I had and have no problem with it. I'm citing it because I know it's one of Zardnaar's personal frustrations with balance in 5e, a spell I know he bans. The point was to highlight that, for all the claims 5e fans love to make about how balance is antagonistic to fun (or whatever), they still care about balance too.
 




[Citation needed.]

By which I mean: You believe that's what gets people playing. I've experienced, over nearly three decades, that the things that get people playing have nothing whatsoever to do with any of that. It's the idea of a fantastical adventure with friends, of being part of a grand story, of getting to do anything you can imagine.

Game balance is something you can only discover after you've already, y'know, played a fair amount. And when you do, it usually is not very fun to find out that the things you like actually suck, or the things you don't like are crazy powerful. Of course, it is fun up to a point to discover that things you like are strong. But for some folks, including people on this very forum, it's pretty frustrating to have made choices solely because they sounded cool, which left their friends barely scraping by at minimum competency, while they themselves are ruling the roost, consistently being the strongest participants. 5e is better about this than 3e was, but that's like saying that some location is a higher elevation than the Mariana Trench--of course it is, you'd have to be intentionally doing things horribly wrong to get any lower!
It is way worse for a player to struggle playing their first game, than to discover they picked a spell they don't like after 10 sessions. I don't believe it, I studied it.

Apparently game design principles aren't well accepted.
 

once again I will say; D&D should be exclusively playtested by powergamers/optimizers/munckins.
Absolutely not. Testing and Project management is my actual day job. I also happen to be a game designer. There are generally two types of testing that are critical:

QA: Quality Assurance. This is generally functional testing. Does the thing work functionally as you designed it. You might test one function once to make sure it's working.
UAT: User Acceptance Testing. Regardless if it works as designed, what is the usability from the users' perspective? This is where you test several scenarios in the same functional workflow to find things that may have been missed.

While I think it's important to have optimizers do testing, by making it exclusively optimizers, you're limiting your testing to one perspective and will miss things that casual gamers or story gamers would catch. You really want all kinds of testers, and each is equally important.

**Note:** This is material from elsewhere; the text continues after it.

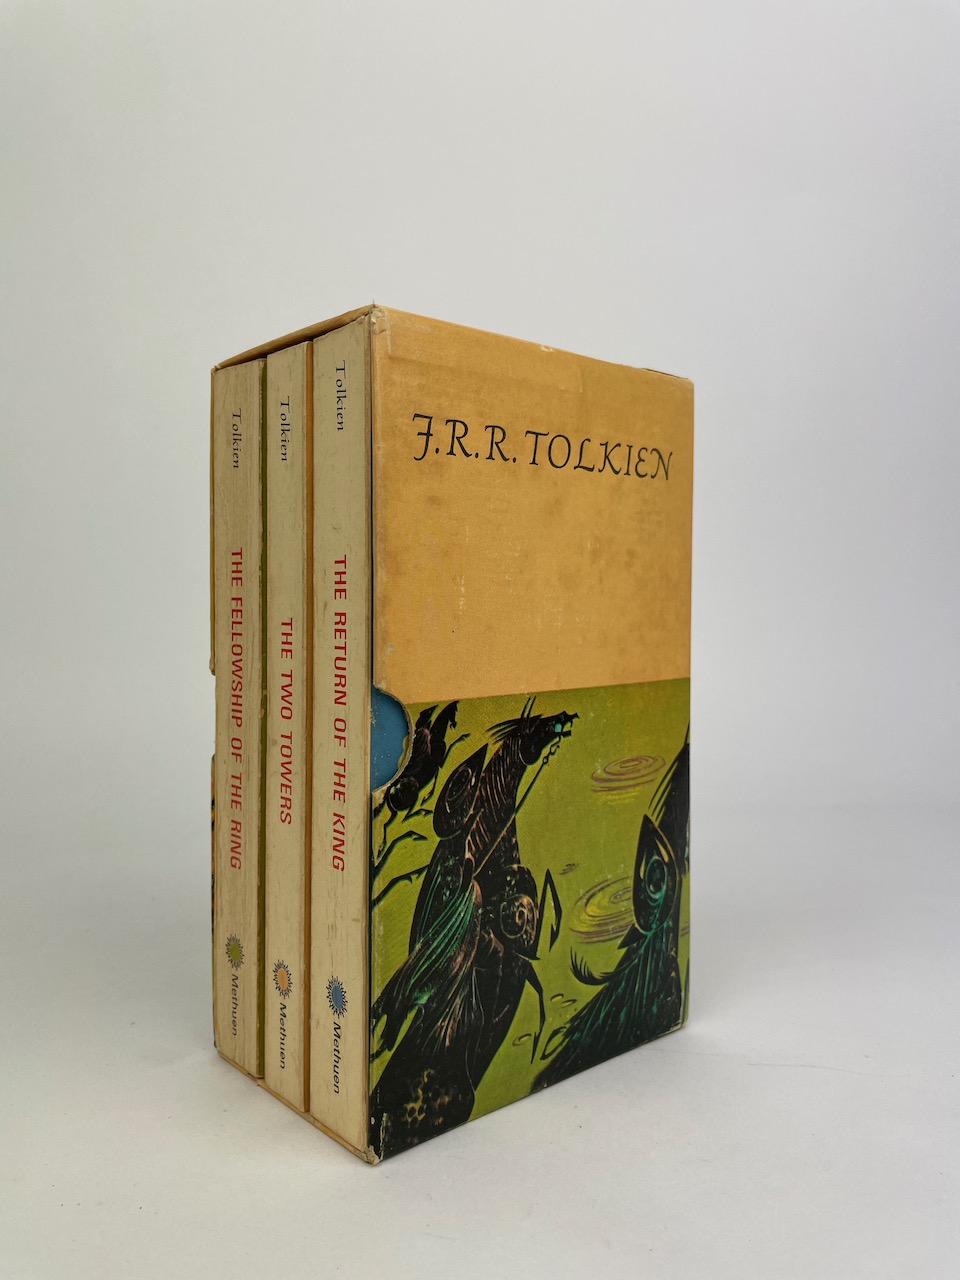 J.R.R. Tolkien, The Lord of the Rings in slipcase released in 1973 by Methuen Publications 4

I do have a slight issue with the title to this thread: "Circle Casting is gonna break a lot of games"

The circle casting rules shouldn't break a single game. If you don't like the rules - don't use them! Simple, easy, and no games broken!

We all know on paper this is true. We also know that RAW drive behavior at the table. It sets the expectation that that's how the game is supposed to be played, and lots of gamers will play it that way even if they don't like how the rule works. And of course all those gamers that say "It's in the rules so I can do it!"
 

Mass combat has never been a strength in DnD, but this absolutely ruins it.
I think this makes mass combat in a common magic realm absolutely fantastic.
No longer is a land with thousands of mages marching peasants and sending walls of knights on horseback, a silly endeavor for sure.
They're absolutely blasting each other with the Weave.
 

I hate to rely on technicality, but prolong could be ruled out for concentration spells:

Prolong​

When you cast a spell that has a duration of 1 minute or longer, you can increase the duration of the spell depending on the number of secondary casters contributing to the spell, as detailed in the table below.

Note that the duration has to 1 minute or longer.
Concentration spells all read: "Concentration up to X".

Now the worst offenders are gone.


Range is not that big of a problem to be honest. Yes, you can throw some spells very far, but you still need line of sight.

A simple illusion spell can foil that plan.